The brown planthopper (BPH), Nilaparvata lugens (Stål), is one of the most destructive monophagous pests of rice (Oryza sativa L.) in Asia, causing direct damage through phloem sap feeding and indirect damage through the transmission of rice grassy stunt virus and rice ragged stunt virus [1,2,3,4]. Annual yield losses attributable to BPH infestation have been estimated at up to 60% in severely affected regions [5]. Chemical insecticides, particularly neonicotinoids such as imidacloprid, have been widely used for BPH management; however, prolonged application has led to severe resistance, with the resistance ratio of field BPH populations to imidacloprid in China increasing from ~135-fold in 2006 to >2000-fold in 2016 [6,7,8].

As an alternative, the deployment of insect-resistant rice cultivars carrying resistance genes (e.g., IR36 harboring Bph2, Rathu Heenati harboring Bph3, and R476 harboring Bph14) represents a more sustainable approach to BPH control [9,10]. Rice resistance genes confer host plant resistance against insect pests via antibiosis, antixenosis, and tolerance [11,12], and the plant defenses they activate include physical barriers, chemical defenses involving secondary metabolites and protease inhibitors, and phytohormone-mediated signaling pathways [13,14]. In response, BPH has evolved diverse counter-adaptation strategies, including the upregulation of detoxification enzymes such as cytochrome P450 monooxygenases (CYPs), carboxylesterases, and glutathione S-transferases, as well as the secretion of salivary effectors and behavioral adjustments in feeding patterns [15,16,17]. Under sustained selection pressure, BPH populations can acquire increased virulence, gaining the ability to damage previously resistant varieties [18]. Understanding the genetic and metabolic mechanisms underlying BPH virulence adaptation to resistant cultivars is essential for developing durable management strategies.

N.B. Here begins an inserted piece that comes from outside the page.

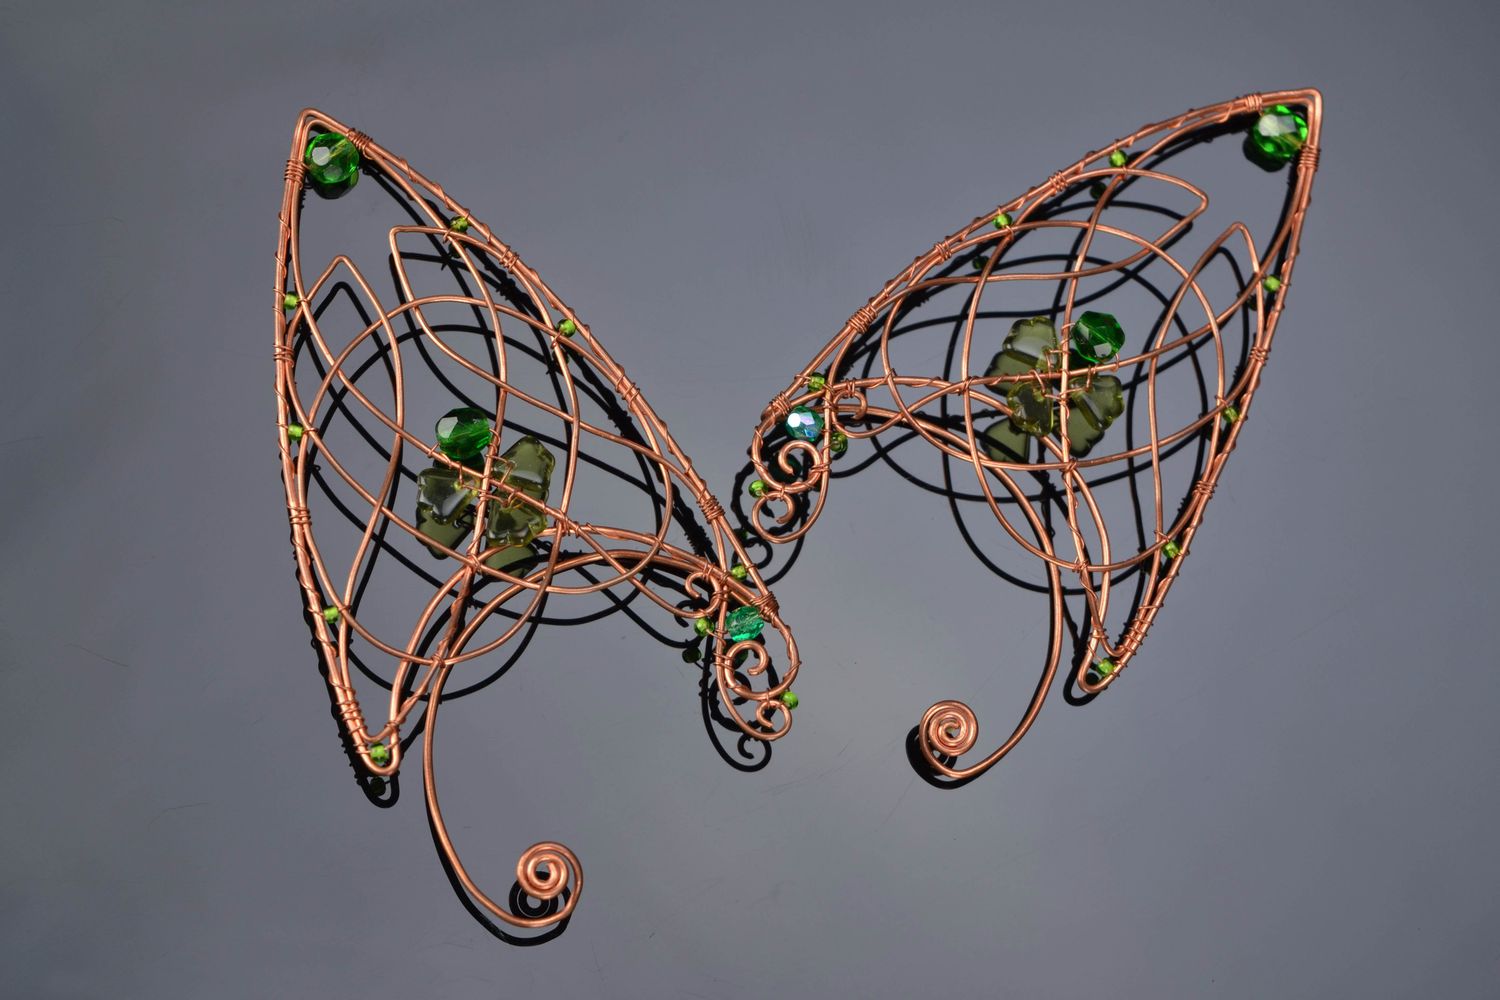 Metal woven cuff earrings in elves style photo 1

Cytochrome P450 enzymes (CYPs) constitute one of the largest enzyme superfamilies in insects and play versatile roles in the oxidative metabolism of both xenobiotics (plant allelochemicals, insecticides) and endogenous substrates (hormones, pheromones, signaling molecules) [19,20]. The cytochrome P450 (CYP) superfamily is organized hierarchically into clans, families, subfamilies, and individual P450 isoforms; the gene of interest in this study, CYP4C61, is one isoform within the CYP4 clan. P450-mediated detoxification of plant secondary metabolites determines insect host range and adaptation. For example, CYP6AE14 in Helicoverpa armigera metabolizes gossypol from cotton [21], and CYP6CS1 and CYP6CW1 in BPH are induced upon feeding on the resistant rice variety MH63 [22,23]. The CYP4 clan, in particular, has been associated with broad environmental adaptation, functioning in cuticular hydrocarbon biosynthesis, pheromone processing, and stress responses in addition to xenobiotic metabolism [24,25]. Despite extensive evidence for P450 roles in xenobiotic detoxification, the specific endogenous metabolic substrates through which individual CYP genes mediate host adaptation remain uncharacterized in BPH.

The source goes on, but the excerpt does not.